**Data items**
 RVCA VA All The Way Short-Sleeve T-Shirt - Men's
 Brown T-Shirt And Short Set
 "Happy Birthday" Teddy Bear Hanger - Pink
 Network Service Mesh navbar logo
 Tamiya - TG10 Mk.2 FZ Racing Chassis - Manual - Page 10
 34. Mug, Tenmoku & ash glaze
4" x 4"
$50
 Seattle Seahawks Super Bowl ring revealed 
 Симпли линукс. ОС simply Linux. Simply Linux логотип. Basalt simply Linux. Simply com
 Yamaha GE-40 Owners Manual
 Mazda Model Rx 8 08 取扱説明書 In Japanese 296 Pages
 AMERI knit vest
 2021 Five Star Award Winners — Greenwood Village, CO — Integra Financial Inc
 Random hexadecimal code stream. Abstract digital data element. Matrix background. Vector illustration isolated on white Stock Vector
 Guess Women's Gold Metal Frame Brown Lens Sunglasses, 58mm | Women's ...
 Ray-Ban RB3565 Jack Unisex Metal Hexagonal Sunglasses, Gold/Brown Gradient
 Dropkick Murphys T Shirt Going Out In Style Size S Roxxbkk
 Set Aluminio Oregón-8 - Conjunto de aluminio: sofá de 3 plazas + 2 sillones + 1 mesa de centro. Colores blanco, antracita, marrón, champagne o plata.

**EXERCISE**
Your answer is the line containing "Seattle Seahawks Super Bowl ring revealed" plus every line after it through the end of the entries, given again exactly and alone.

**REPLY TO THE TASK**
 Seattle Seahawks Super Bowl ring revealed 
 Симпли линукс. ОС simply Linux. Simply Linux логотип. Basalt simply Linux. Simply com
 Yamaha GE-40 Owners Manual
 Mazda Model Rx 8 08 取扱説明書 In Japanese 296 Pages
 AMERI knit vest
 2021 Five Star Award Winners — Greenwood Village, CO — Integra Financial Inc
 Random hexadecimal code stream. Abstract digital data element. Matrix background. Vector illustration isolated on white Stock Vector
 Guess Women's Gold Metal Frame Brown Lens Sunglasses, 58mm | Women's ...
 Ray-Ban RB3565 Jack Unisex Metal Hexagonal Sunglasses, Gold/Brown Gradient
 Dropkick Murphys T Shirt Going Out In Style Size S Roxxbkk
 Set Aluminio Oregón-8 - Conjunto de aluminio: sofá de 3 plazas + 2 sillones + 1 mesa de centro. Colores blanco, antracita, marrón, champagne o plata.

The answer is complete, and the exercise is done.